Oh, absolutely, I conduct a youth group at my house every week—do I look like I enjoy being made fun of (don’t answer that)? Actually, I was desperate enough to be a middle school substitute teacher for a short time after college. Suspecting I’d someday write a book for teenagers and not dedicate it to any of my students, I really used the opportunity to connect . . . to the Internet and ignore them entirely. “Are you done with that worksheet yet, Tracy? I didn’t think so.” Then I’d return to my favorite tennis blog and post something important in the comments section, like, “Vamos, Nadal!” No one got stabbed under my watch (I think?), so I must’ve been doing something right. We do the best we can-ish.

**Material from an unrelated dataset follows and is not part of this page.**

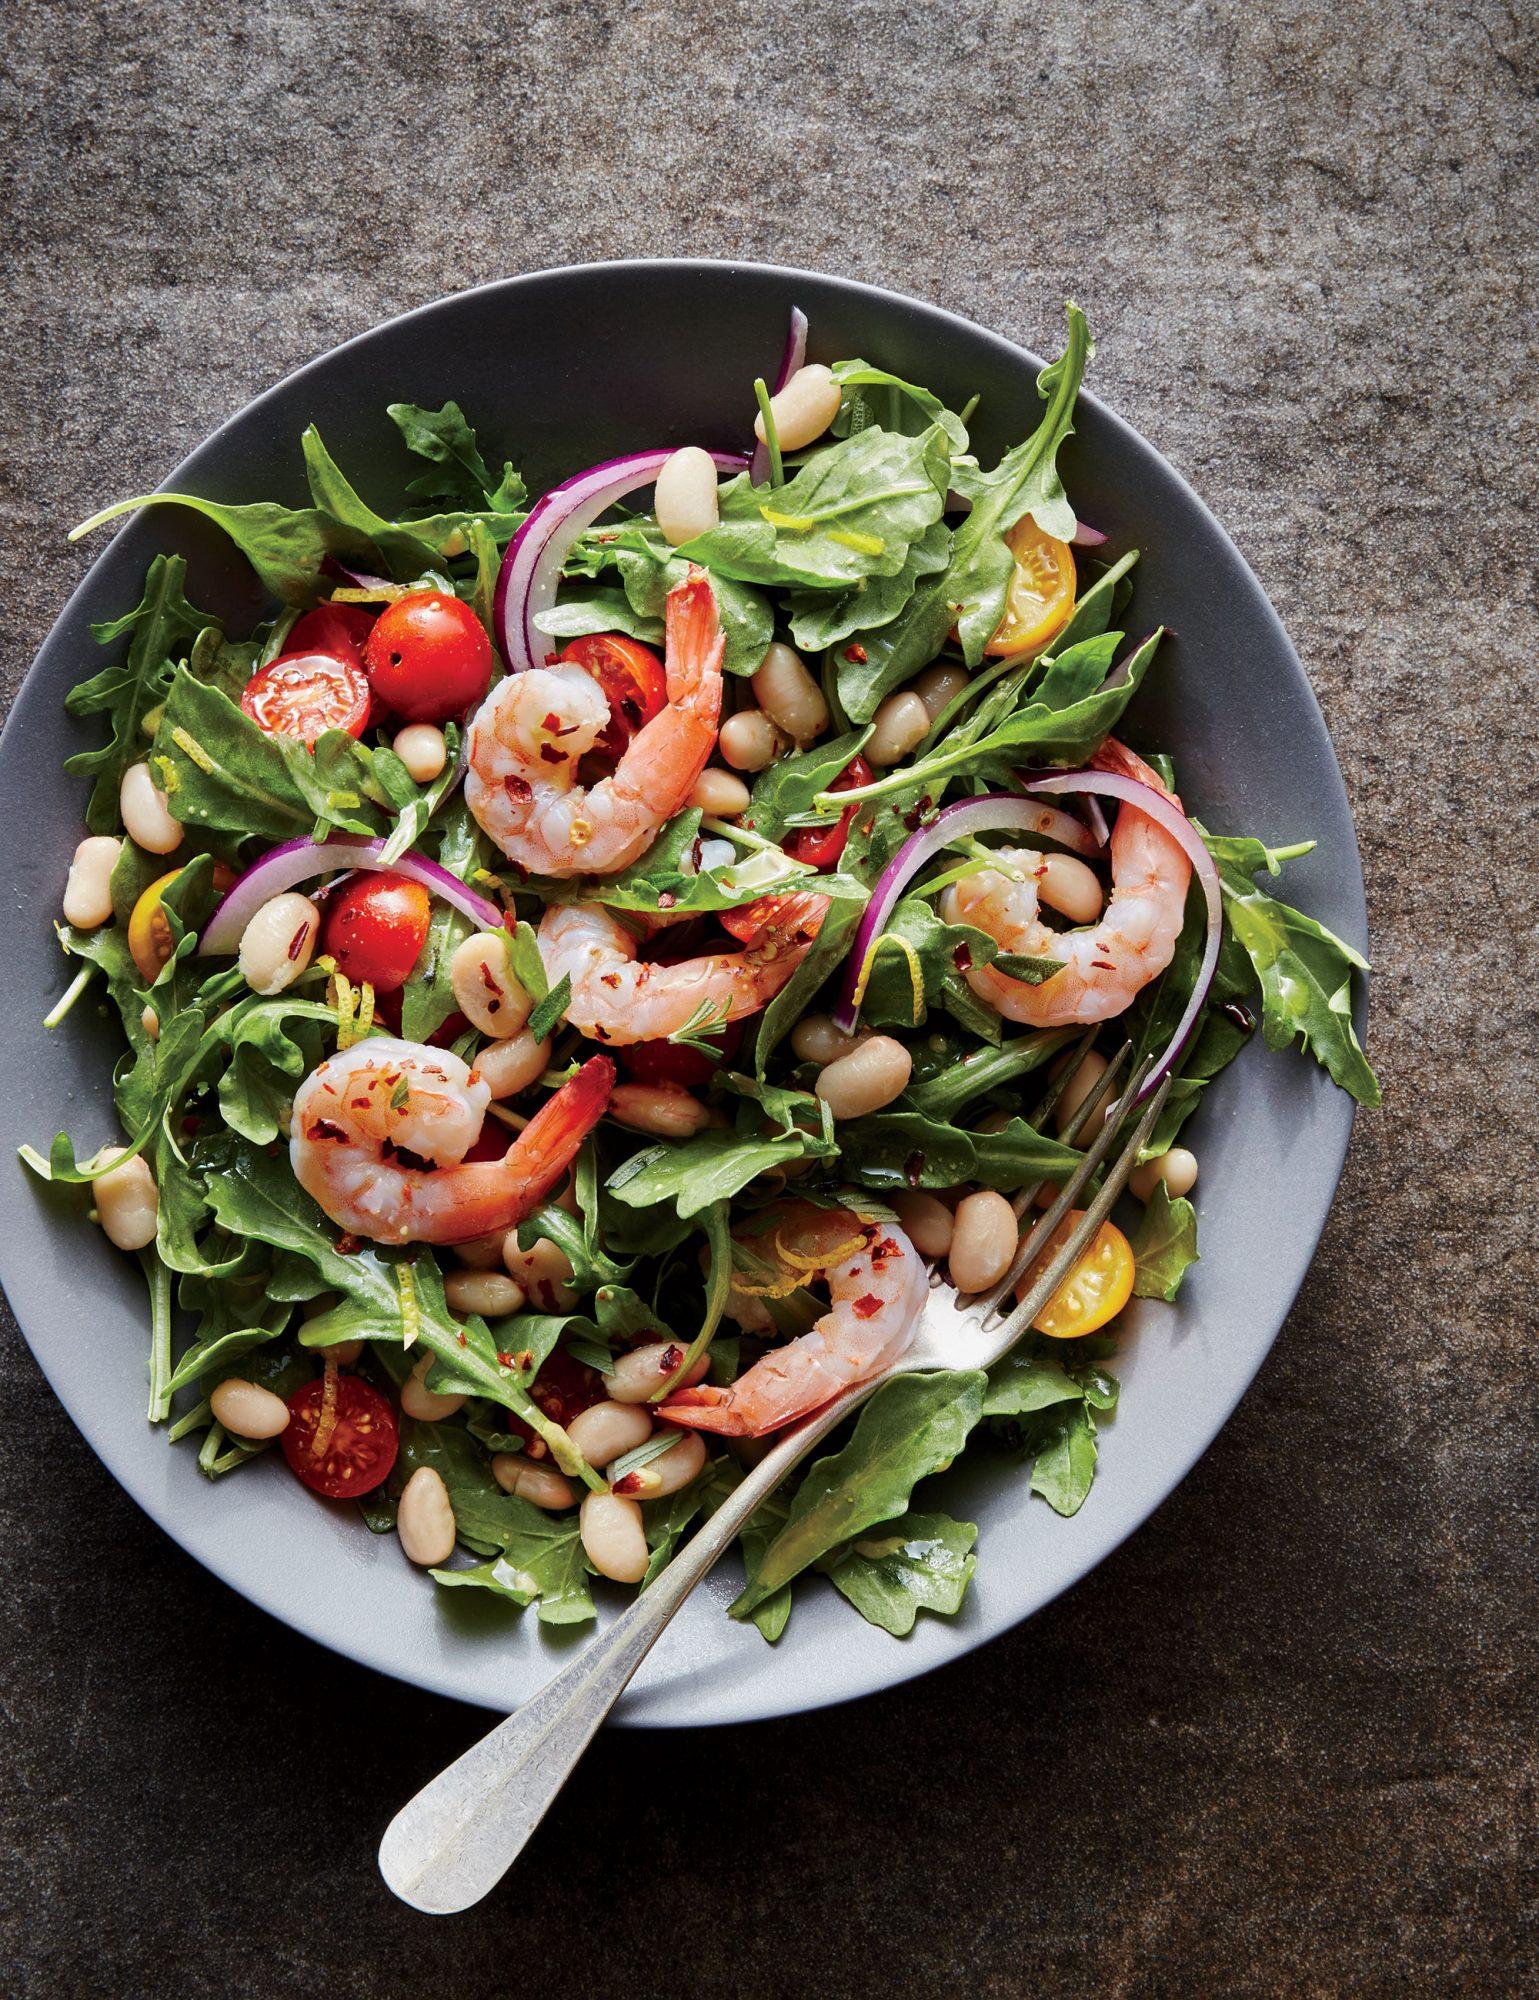 Tuscan White Bean Salad with Shrimp

It sounds like you have a pretty close relationship with your family. Did you base Abby on your own sister? How about Jay’s parents?
My family means everything to me. My reluctance to party like it was 1999 as a teenager—wait, I was a teenager in 1999—was a blessing in dorky disguise, because it meant I got to spend extra time on the couch with my mom and dad (at their respective houses). That’s the thing about divorce—if the kids are neurotic, like me, then they always feel guilty about not being with the absent parent. If only I could find it in my heart to start blaming everyone but myself, then I’d surely find eternal happiness.
Oh, I’m avoiding the question? I didn’t even notice. I definitely borrow bits and pieces from certain people, but their real-life counterparts are a million times better. There’s no way I could do them justice in 250 pages (how long is my book again?).
Your protagonist is running for class president. What sorts of extracurriculars did you do in high school?
I’m embarrassed to say that I also ran for freshman class president. Worst yet, I won. Afterward, when I realized my position required doing stuff like helping build the Homecoming float and other crap I can’t remember, I was like, “$&#*!” I would’ve impeached myself if anyone had cared.
I was way more into tennis than Jay Baker. Still am. When I started taking group lessons at a club my freshman year, it was like I’d finally found my fellow aliens.
There are so many love triangles in YA literature with a girl at the apex, but your book features a male-centric isosceles. Was that a conscious decision, to shake up the love triangle?
Crap, I wish I could say it was a conscious decision, but I actually wrote the entire book in a food coma. Amazing, eh? Amazing in the way that that joke will never be funny. Now that I think of it, why should the ladies get the pimp spot in the love triangle all the time?
Is it important to you that your writing be funny?
Have I told you the one about the paranoid writer who doesn’t think his work is worth a flaming pile of poo unless it’s funny? I think we all have crutches that we cling to, desperately, to remind ourselves that we’re the second-best things since Cinnabons gave birth to Minibons. Or maybe my cheesiness stands alone, but I can’t help it. Sometimes simple is really is better, though. *Purses lips . . . then makes fart noise*
Any tips for writers trying to up their laugh factor?
Uh, don’t take yourself too seriously? I mean, I’ve never been the type to get hung up on whether or not I’m about to offend someone who needs a personality transplant anyway. Oops, I did it again. Life sucks and then you die/cryogenically freeze your head, so why not cackle obnoxiously at everyone’s misfortunes, including your own? Or we could all just stand around and be really unhappy all the time, that sounds like fun, too.
We heard you recently got engaged. Tell us about the proposal!
You know, I really prefer to keep my private life private–psych! I wrote a blog about How Not to Propose. Nothing’s worth doing in life if I can’t post about it on the internet so people can click their tongues and say, “This guy is a disaster . . . good luck with him, lady!” I owe it to the world, and if the world’s saying, “No thanks, I’m good,” don’t tell me–I’d rather be the last to know. Ignorance is bliss, so it’s important to play dumb for as long as possible.